= Slovak hip-hop =

Subculture in Slovakia

Slovak hip hop is said to have begun in 1988, before the establishment of the Slovak Republic itself. The first rap song released in Slovakia was done by Rap Steady Crew from Košice in 1993, followed by Jednotka slovenskej starostlivosti (JSS) with their album Kompromis in 1997 as well as the duo Trosky releasing their record. Long-running crews are Lúza and Drvivá Menšina, who perform together as Názov Stavby with DJ Hajtkovič. Vec, formerly of the seminal duo Trosky, is considered by many today to be the most influential figure within hip-hop music in Slovakia, although newer acts such as 2H+, A.M.O, MC Vrabec, Čistychov and Kontrafakt have also gained significant popularity since 2003. Slovak hip hop was considered to start becoming popular when Kontrafakt released their first music video, Dáva mi, in 2003. It topped many video charts in Slovakia and the Czech Republic. The video even appeared on MTV. Kontrafakt's platinum debut album E.R.A. (along with albums Reč Naša by Názov Stavby and Trosky by Trosky) is considered to be one of the albums with the "classic" status.

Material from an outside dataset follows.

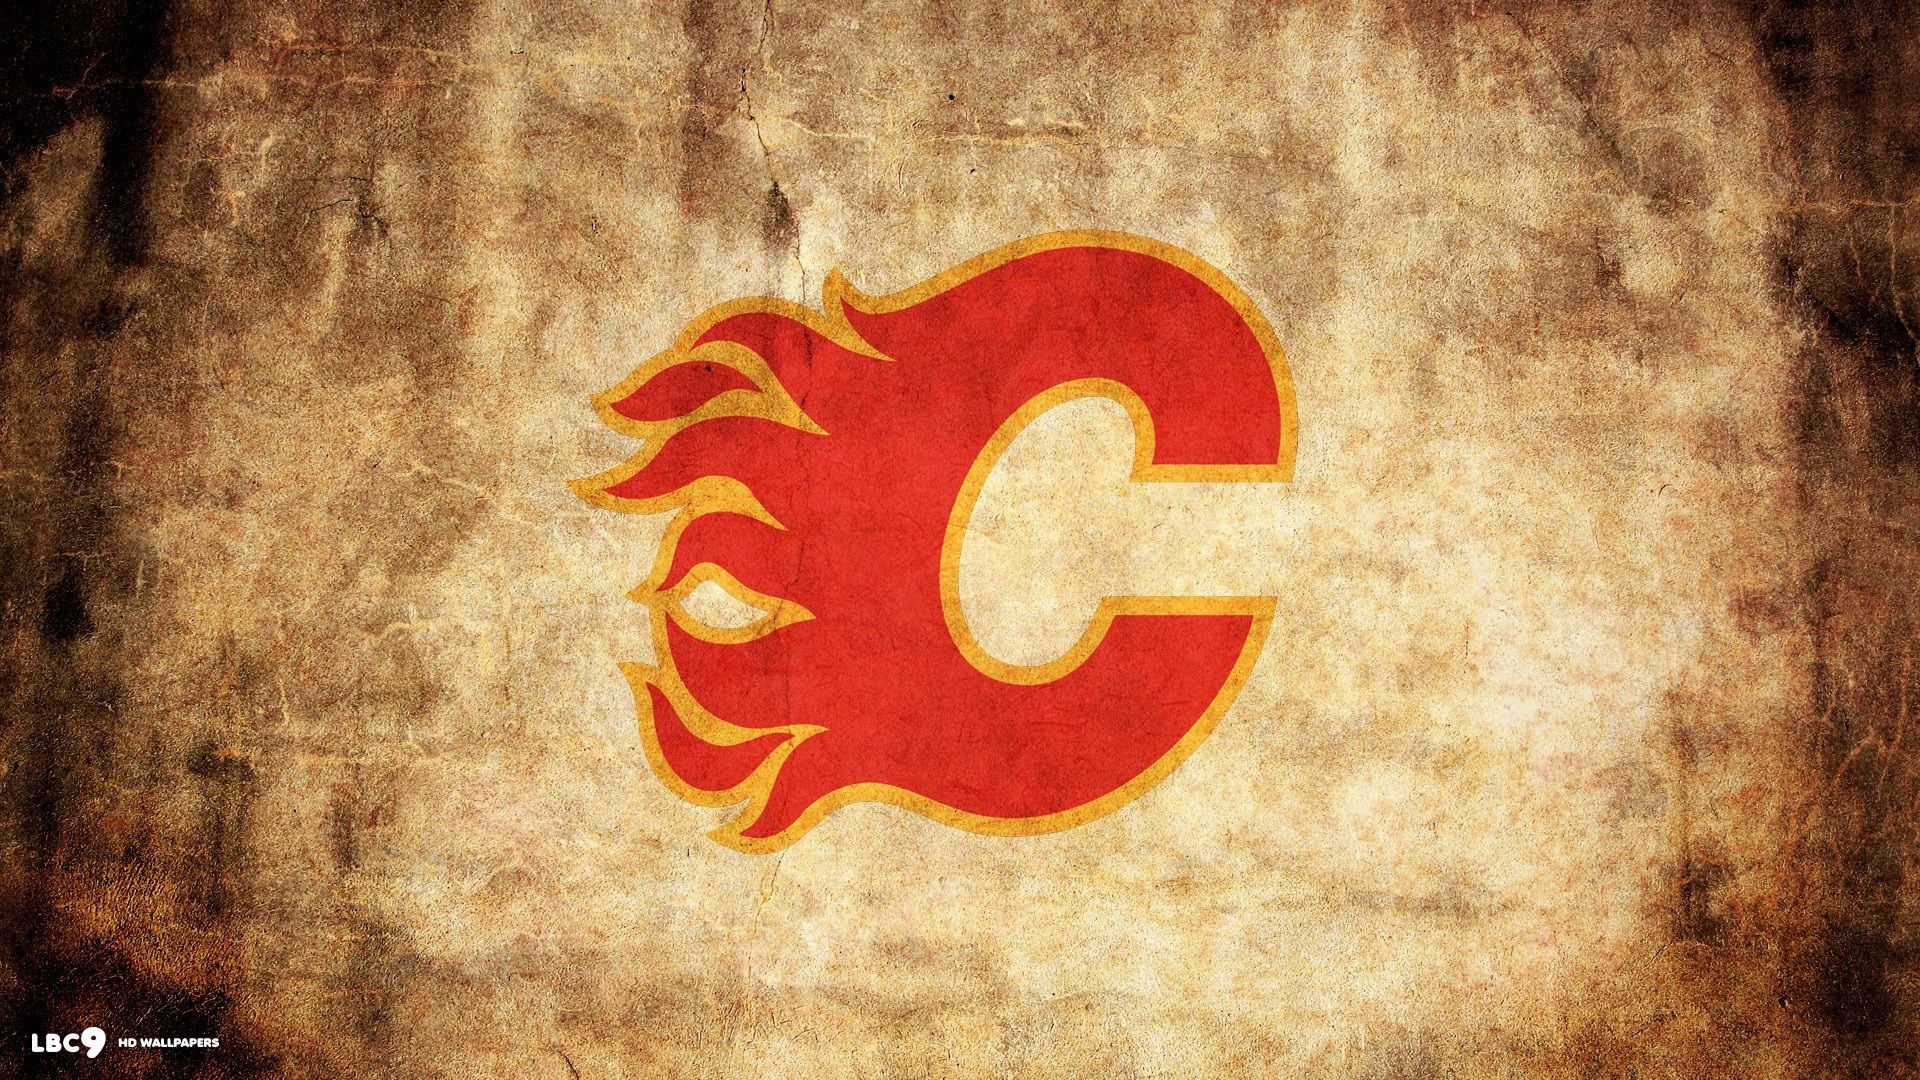 Calgary Flames Wallpapers Desktop 1920x1080   4USkY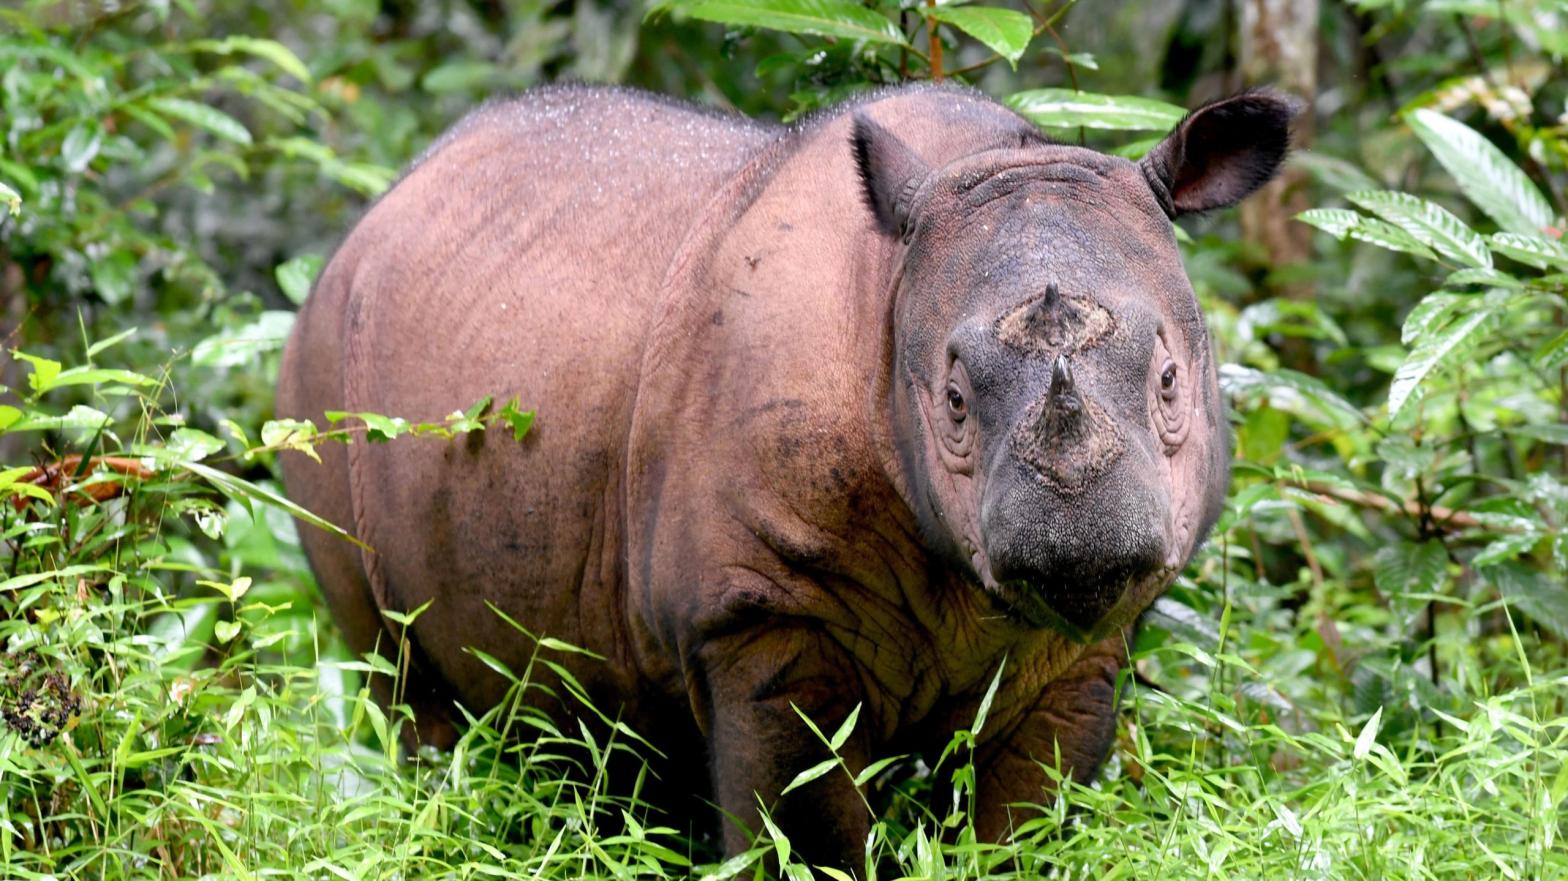 The Sumatran rhino is among the rarest mammals on Earth. (Photo: Getty)

In 2015, Sídliskový sen, a documentary film about Rytmus was released, after eight years of filming. In 2020, another documentary film tied to Slovak hip-hop, TEMPOS, was released, and while this documentary is also about Rytmus himself, it focuses less on his personal life and more on his career in hip-hop. The documentary film is considered to be deeply tied to the origins of Slovak hip-hop and Slovak hip-hop as a whole. In 2021 Kontrafakt released a documentary film on their YouTube channel, The Most Legendary, which was released a few days before their 5th studio album, KF ako rolls, was released to celebrate their twentieth anniversary as a group. The documentary explained the timeline of the group as a whole.

Nearly all Slovak hip-hop artists rap in Slovak and often collaborate with Czech artists like PSH, DJ Wich, Yzomandias, Nik Tendo and Polish WWO. Sometimes they collaborate with people from different countries, like Russian P-13 artists.

Kontrafakt is the best-selling hip-hop group in Slovakia.